# Heart Disease Prediction – final_Report

## 1. Introduction
Heart disease is one of the major health problems affecting people worldwide.  
Early detection can help prevent serious medical complications.  
In this project, we use machine learning techniques to predict whether a patient has heart disease based on different medical parameters.

The main goal of this project is:
- To study the dataset
- To perform data cleaning and visualization
- To train machine learning models
- To predict heart disease with good accuracy

---

## 2. Dataset Overview

## - **Dataset Shape**

#### A. values.csv
- Shape: **(180 rows × 14 columns)**
- Meaning:
  - 180 patients
  - 14 clinical features

#### B. labels.csv
- Shape: **(180 rows × 2 columns)**
- Meaning:
  - 180 patients
  - 2 label columns (patient ID + diagnosis)

#### C. Merged Dataset
After merging:
- 14 + 2 = 16 columns  
- 1 duplicate ID column removed  
- Final shape: **(180 rows × 15 columns)**

**Meaning:**
- 180 patients  
- 15 final features (clinical + target label
  
**The dataset contains important clinical features that influence a patient’s heart condition.**
Below are the key attributes:

- **Age:** Patient’s age in years  
- **Sex (Gender):** Male or Female  
- **Chest Pain Type:** Indicates the nature of chest pain (4 categories)  
- **Resting Blood Pressure:** Blood pressure measured in mmHg  
- **Cholesterol Level:** Serum cholesterol in mg/dl  
- **Fasting Blood Sugar:** Whether fasting sugar > 120 mg/dl  
- **Resting ECG Results:** Heartbeat electrical activity  
- **Max Heart Rate Achieved:** Maximum heart rate during exercise  
- **Exercise-Induced Angina:** Pain during exercise (yes/no)  
- **Oldpeak:** ST depression value  
- **Slope:** Slope of ST segment  
- **Major Vessels (ca):** Number of vessels colored by fluoroscopy  
- **Thal Result:** Thalassemia test result  
- **Target:**  
  - 0 = No Heart Disease  
  - 1 = Heart Disease Present  

### - Dataset Condition
- No missing values  
- Clean, structured, ready for analysis  
- Balanced distribution of target values  

---
## 3. Data Cleaning
Steps performed during data cleaning:
- Checked for missing values
- Removed duplicates
- Converted data types where needed
- Handled outliers using boxplots
- Standardized category values
- Ensured the dataset is clean and ready for modeling

After cleaning, the dataset became stable and suitable for visualization and machine learning.

---
## 4. Data Preprocessing

Before applying machine learning models, several preprocessing steps were performed:

### - Step 1: Checking Missing Values
The dataset was checked thoroughly, and **no null values** were found.  
This ensures data quality and prevents biased results.

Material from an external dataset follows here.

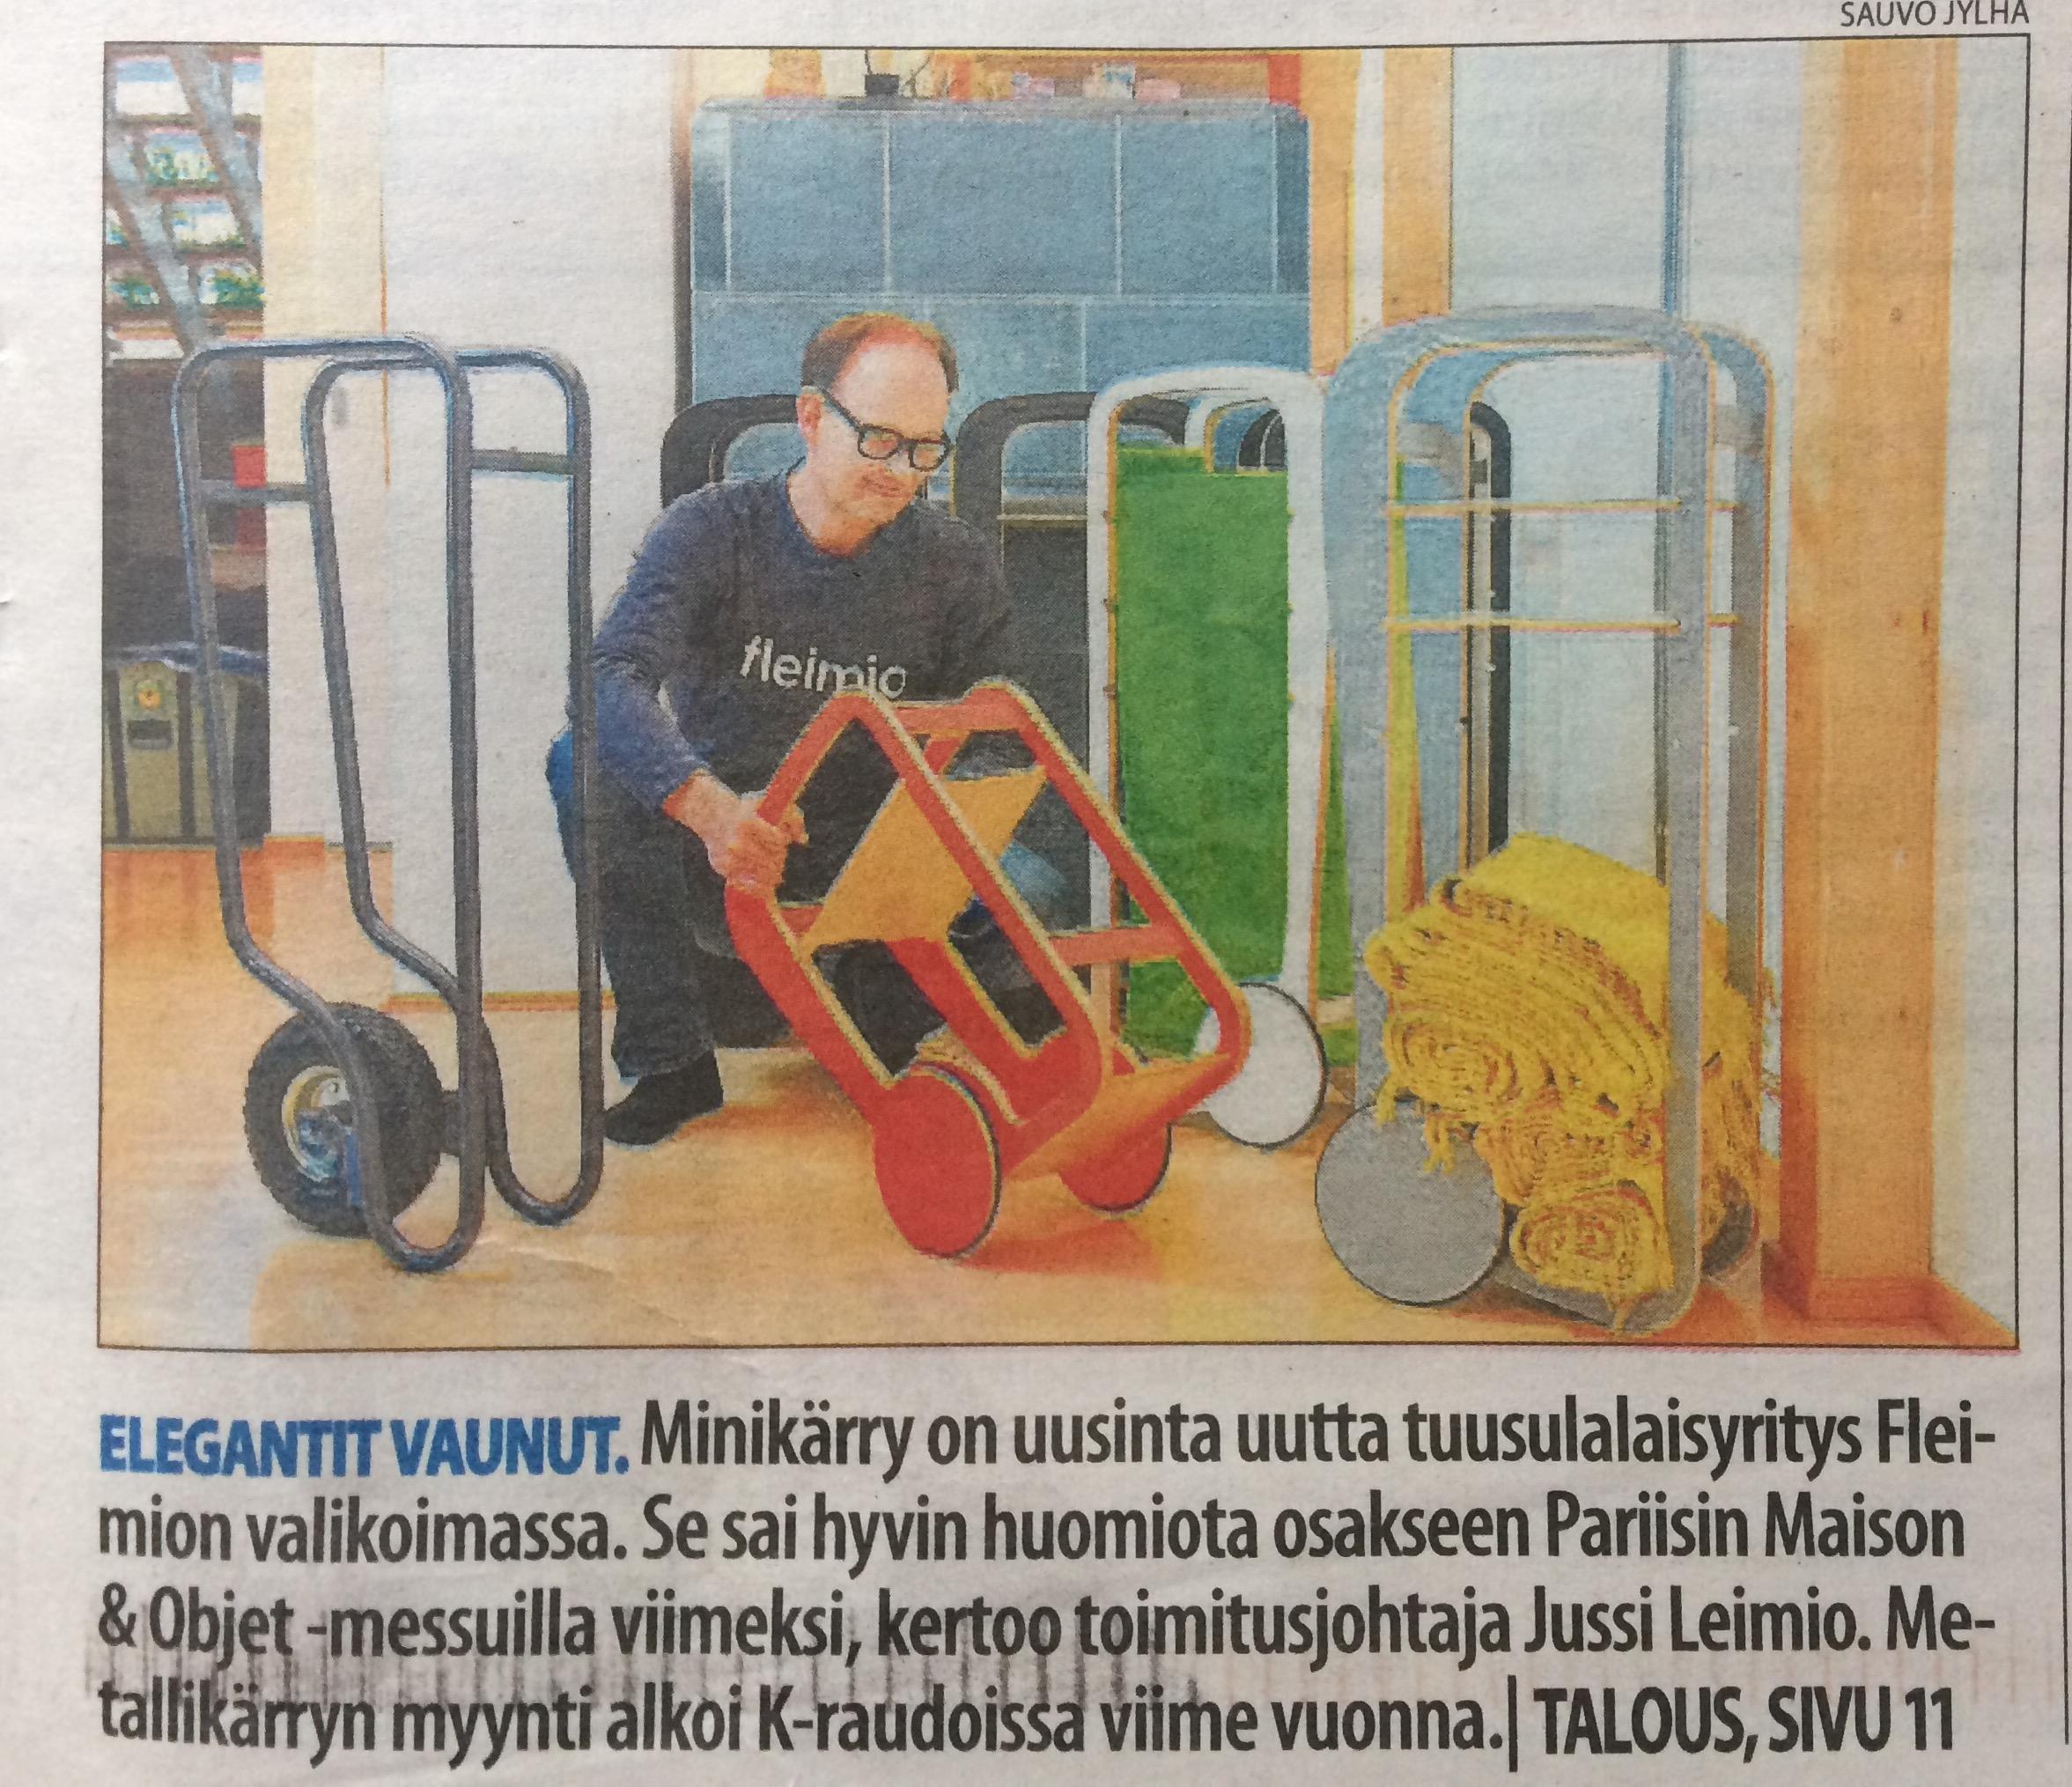 elegant fleimio trolleys / Keski-Uusimaa newspaper 24.7.2017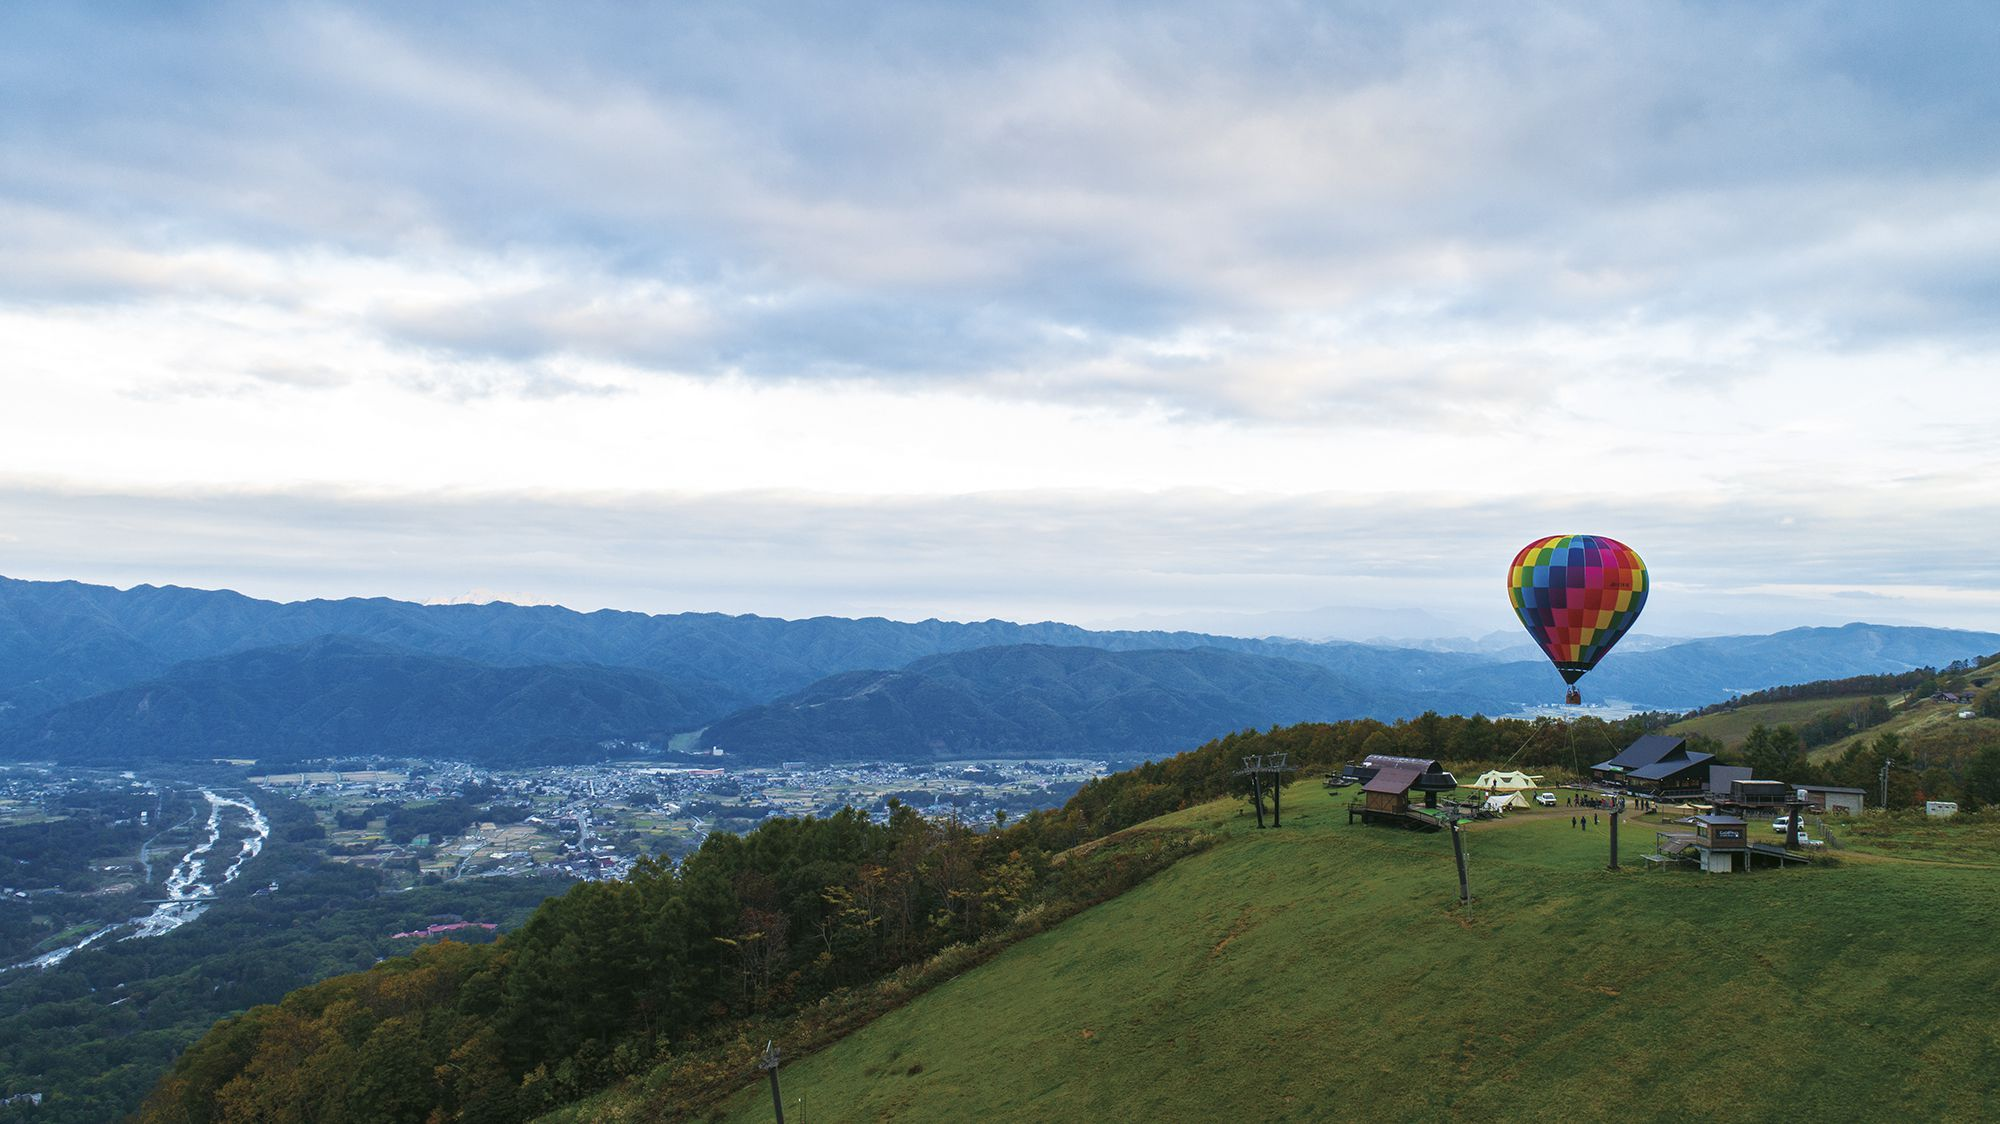 熱気球から雄大な北尾根高原を眺める贅沢なアクティビティもオプションで用意している。

### - Step 2: Feature–Target Separation
- **Input Features (X):** All medical parameters  
- **Target (y):** The “target” column representing disease status  

### - Step 3: Train–Test Split
The dataset was divided:
- **Training Set:** Used to train the ML models  
- **Testing Set:** Used to evaluate performance  
This prevents overfitting and ensures reliable evaluation.

### - Step 4: Scaling (Where Required)
Models like Logistic Regression, and SVM need feature scaling.  
**StandardScaler** was used to normalize values for better performance.

---
## 5. Exploratory Data Analysis (EDA)

### 5.1 Target Variable Distribution
Shows how many patients have heart disease.
- Helps check dataset balance  
- Important for model training  
- Gives basic understanding of prediction class

### 5.2 Age Distribution
Shows how age is spread across patients.
- Age is a major risk factor  
- Helps understand which age groups dominate the dataset
- Majority of patients are between **40–60 years**.  
- Risk increases with age, especially above 50.


### 5.3 Gender vs Heart Disease
Compares heart disease rate for males and females.
- Useful for medical insights  
- Identifies gender-related risk patterns

### 5.4 Cholesterol Boxplot
Shows cholesterol spread and outliers.
- Helps detect abnormal values  
- Important for data quality

### 5.5 Correlation Heatmap
Shows relationship between numerical features.
- High cholesterol levels are commonly seen in patients with heart disease.  
- Helps in feature selection  
- Identifies strong and weak predictors  
- Shows multicollinearity

### 5.6 Scatter Plot: Age vs Max Heart Rate
Shows how age impacts maximum heart rate.
- Useful clinical pattern  
- Younger people usually have higher heart rate capacity

### 5.7 Chest Pain Type vs Target
- **Asymptomatic chest pain** has the highest number of heart disease cases.  
- Proves chest pain type is an important predictive feature.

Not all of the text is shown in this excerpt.